On Wed, Sep 1, 2021, 4:34 PM Marcus Daniels <marcus at snoutfarm.com> wrote:

> Welfare ranchers, indeed.   The rest of us have to constantly modernize
> our skills..  But freeloading off the public land and environment that’s
> “multigenerational” and must be preserved?  Why?
>
>
>
> Marcus
>
>
>
> *From:* Friam <friam-bounces at redfish.com> *On Behalf Of *Frank Wimberly
> *Sent:* Wednesday, September 1, 2021 3:17 PM
> *To:* The Friday Morning Applied Complexity Coffee Group <
> friam at redfish.com>
> *Subject:* Re: [FRIAM] Liberal dilemmas
>
>
>
> I owned 40 acres in Torrance County, NM which was adjacent to a national
> forest.  Ranchers were charged $1.21 per acre per year to use the NF land
> for grazing.  I could have made $48 per year by charging a little less than
> the feds.  My property taxes were $40 per year.
>
> ---
> Frank C. Wimberly
> 140 Calle Ojo Feliz,
> Santa Fe, NM 87505
>
> 505 670-9918
> Santa Fe, NM
>
>
>
> On Wed, Sep 1, 2021, 1:50 PM Marcus Daniels <marcus at snoutfarm.com> wrote:
>
> Dave wrote:
>
> < More significant: I have had my curricular materials censured and have
> had my job threatened on a number of occasions because it was deemed
> inconsistent with liberal values.

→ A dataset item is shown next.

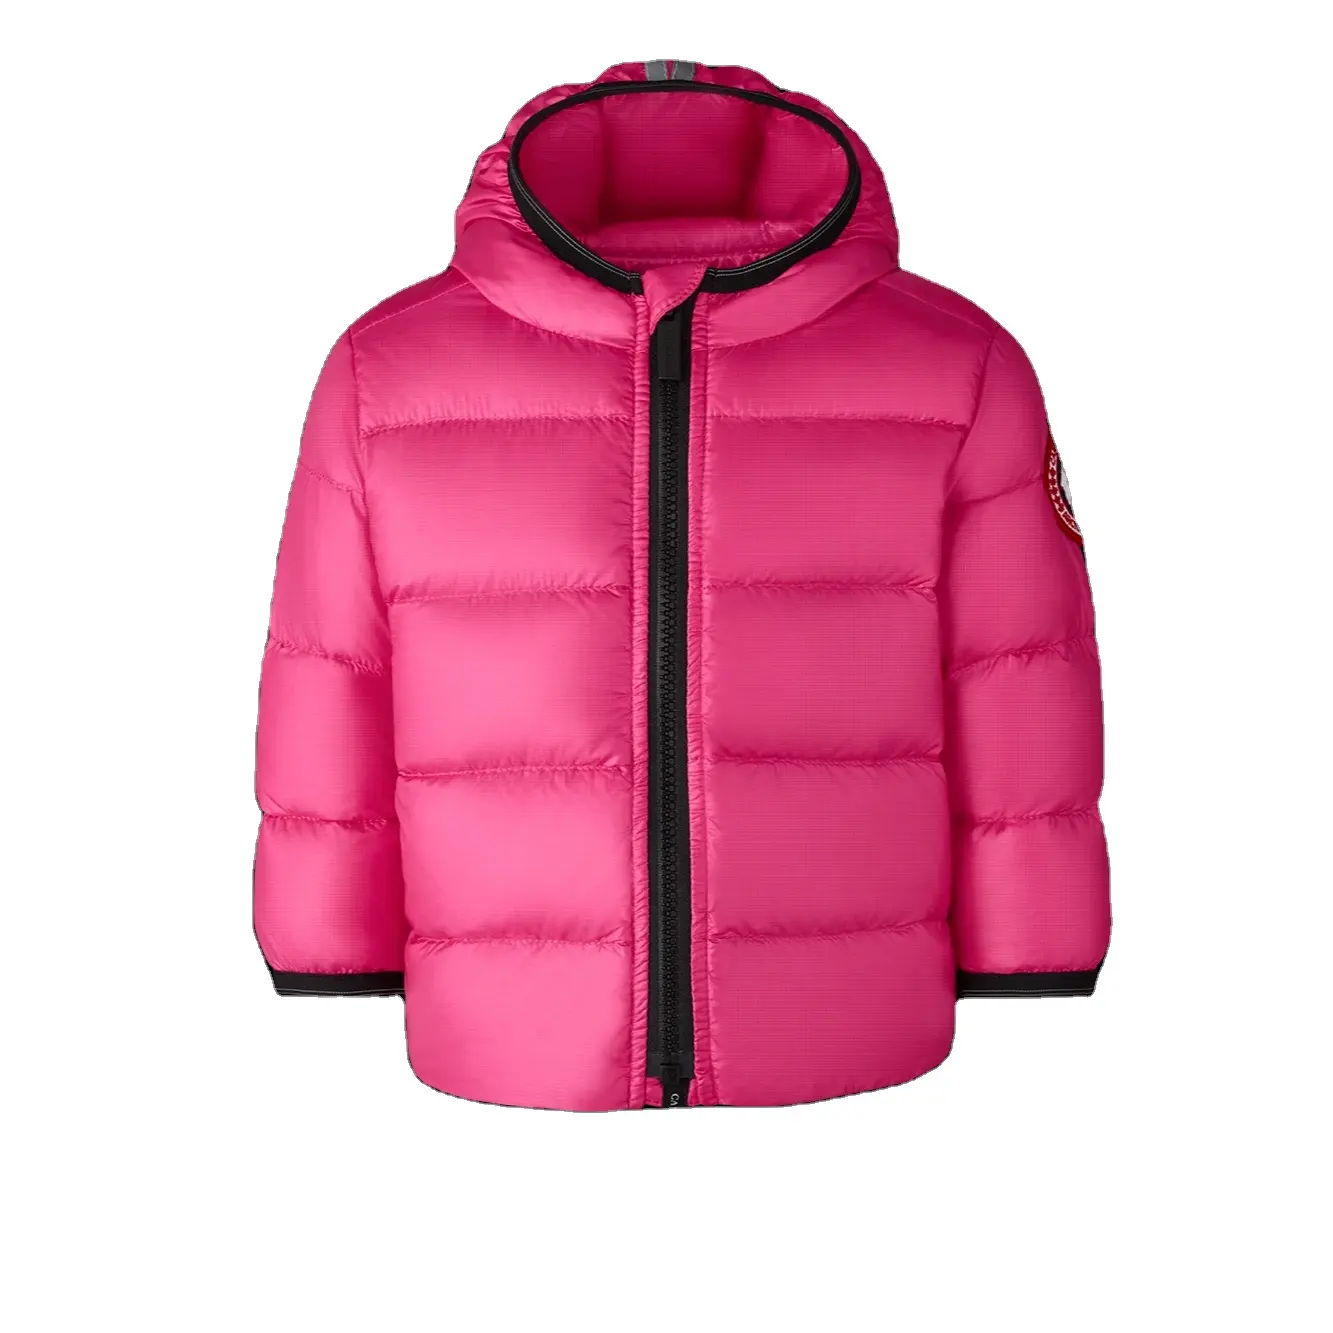 Jaqueta puffer acolchoada infantil, jaqueta de inverno de alta qualidade, macia, com capuz, cor sólida, casaco de bebê

Ironically, many of these events occurred
> when I was teaching at a Catholic university where I could, with impunity,
> challenge religious orthodoxy, but not liberal woke snowflake orthodoxy. I
> was once censured by the University of Wisconsin HR department because a
> female student filed a sexual harassment complaint because I had a meeting
> with her in my office where I had three Salvador Dali prints on my wall and
> "she was forced to look at breasts the entire meeting." Her complaint was
> upheld because neither the content of the Dali prints nor my intent or
> rational for having them in my office mattered — only her subjective
> feelings. At Highlands I was forbidden to offer Honors courses or any
> opportunities to earn extra credit in a class by tackling extra hard
> problems (these were software courses) because doing so was racist and
> unfair — simply because more non-Hispanic students obtained the extra
> credit or the honors designation. >
>
> So the university had the expectation that before advanced classes could
> be offered, there needed to an unbiasing of the candidate pool for those
> classes by adequately training everyone (every demographic) that was
> potentially feeding in to them?  Ok.  If the university wants to do this,
> or incentivized to do this, it is really just a matter of private/public
> strategy.   If you don't want to work for a university that has this "fair"
> strategy, then don't.    As for subjecting young students to strange
> imagery, I can see why one would not want to do that.  Just as it would
> strange for a female professor to dress like a hooker.   Organizations can
> have dress codes.   Don't be a fool, universities are just another kind of
> business.  You mess with the business, you will have a problem.  It would
> be better if your department heads were "upstanders" and just said, "Hey
> Dave, how is this art helping your students?"
>
> < Not personal, but a relative: multi-generational ranch with Federal
> grazing right. Hundreds of thousands of dollars over the years were spent
> enhancing the Federal land, containment ponds for water that reduced
> erosion and flash flooding without diminishing runoff contribution to
> watershed; planting of native grasses, elimination of  deadwood, etc. etc.
> End result was the ability to safely and sustainably graze X number of
> cattle. About five years ago, BLM issued a new policy dictating the maximum
> carrying capacity of Federal lands. The math was based on lowest common
> denominator. The policy was, at the behest of preservation groups, written
> with the specific intent to minimize and eventually eliminate the use of
> public lands for grazing. (Also mining and motorized recreational vehicle
> use.) Bottom line, allotment was taken away because it violated the numbers
> — not because there was any evidence of actual harm. >
>
> I'm a taxpayer.  Why should I want off road vehicles or cows on federal
> land?  I don't care about either of those things.   This is a weird
> entitlement that these folks have in mind.  As far as I was concerned the
> Bundy principals in Oregon deserved to be met by A-10s.